The removed mandibular molar tissues were fixed in 10% neutral buffered formalin for 72 h. Subsequently, the tissues were decalcificated in 6% nitric acid solution for a week. The solution was refreshed daily and the tissue decalcification was controlled by a needle during the last three days. Following the completion of the decalcification process, the tissues were dehydrated in a graded alcohol series, embedded in paraffin wax, and sectioned into 5 μm thicknesses using a microtome (RM2125RT; Leica Instruments, Nubloch, Germany) along the molars along a buccolingual plane, for histological evaluation using Crossman modified Mallory’s triple staining. Eight slides were obtained for each animal (total of 80 slides in each group). The distance between the cementoenamel junction (CEJ) and the alveolar bone crest (BC) was measured using a trinocular light microscope (Kameram SLR, 1.4.1.0; Mikro Sistem Ltd., Istanbul, Turkey) attached to analyzing software (Figure 2a–c).
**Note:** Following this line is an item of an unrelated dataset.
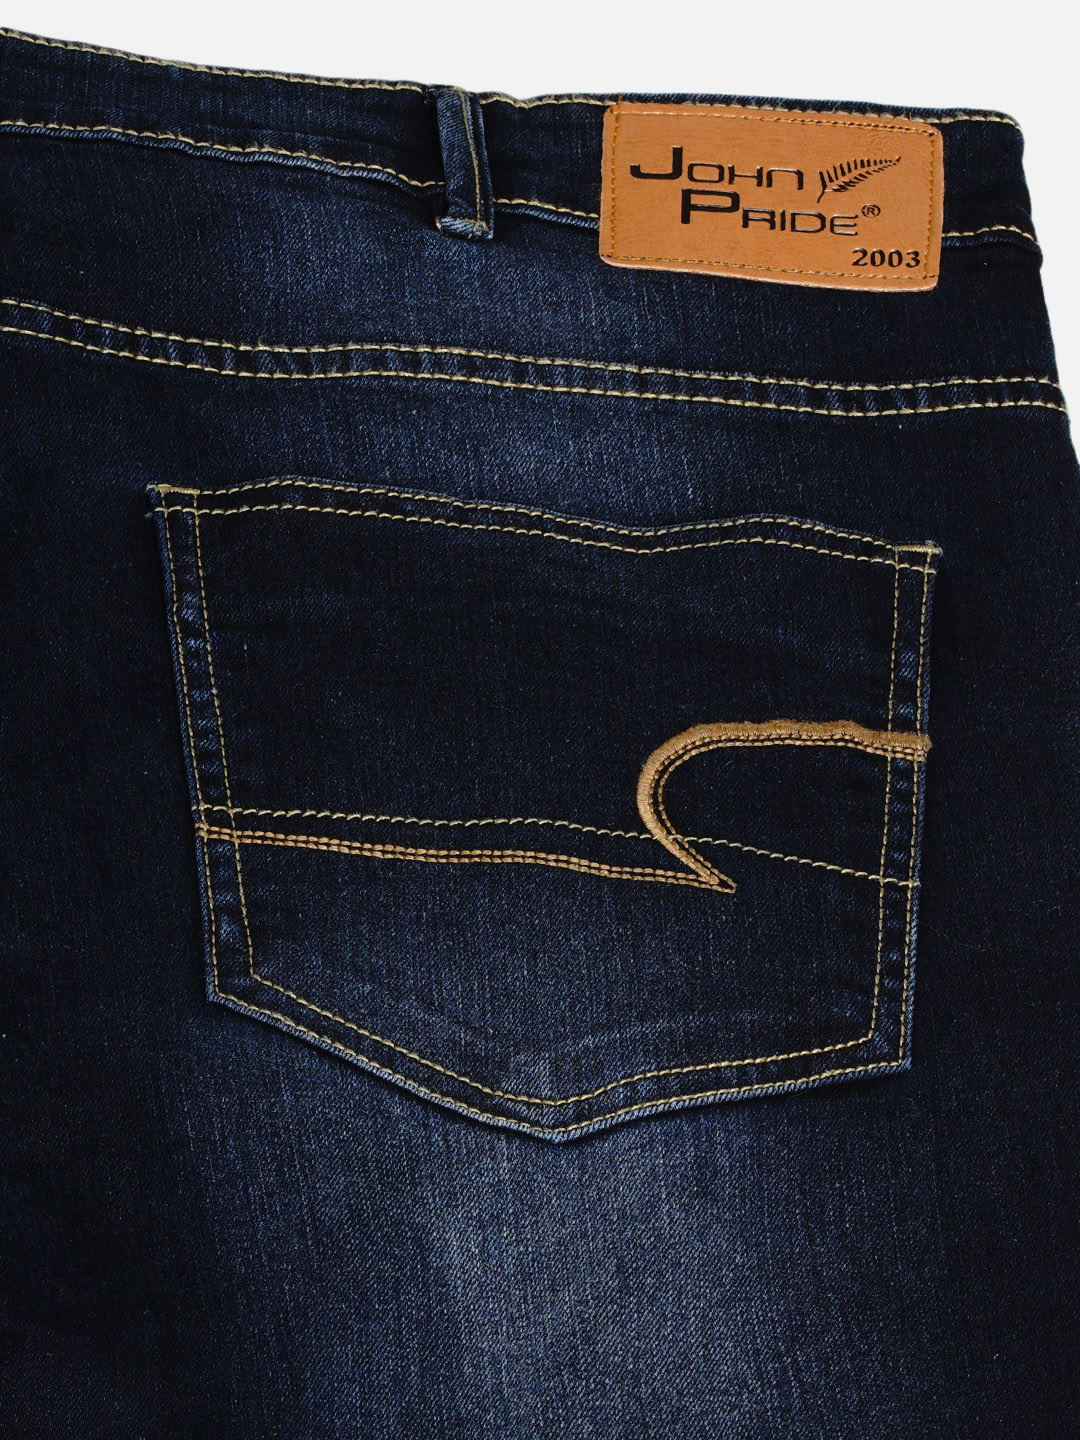 affordables/jeans/EJPJ25005/ejpj25005-2.jpg

4.4.2. Immunohistochemical Analysis and Calculation of RANKL- and OPG-Positive Cells

The eight alveolar bone sections from each rat were stained with anti-RANKL (dilution: 1/50; Abcam) (Santa Cruz Biotech., Santo Cruz, CA, USA) and anti-OPG (dilution: 1/50; Abcam) (Santa Cruz Biotech., Santo Cruz, CA, USA) according to the manufacturer’s protocols, using an Avidin Biotin Complex (ABC) staining system. Binding of the antibodies was visualized with a high-power light microscope (Eclipse i50; Nicon, Tokyo, Japan). In order to estimate the immunopositive cell count, staining intensity was measured using the stereologic optical fractionator method, as described in detail in our previous studies [19,20].

4.5. Statistical Analysis

Because all of the data presented a normal distribution and the coefficient variation was less than 20%, differences between the groups were tested by analysis of variance and Duncan’s test, using SPSS 17.0 (SPSS Inc., IBM Company, Chicago, LA, USA). All data were expressed as mean average ± SD; p < 0.05 was considered significant.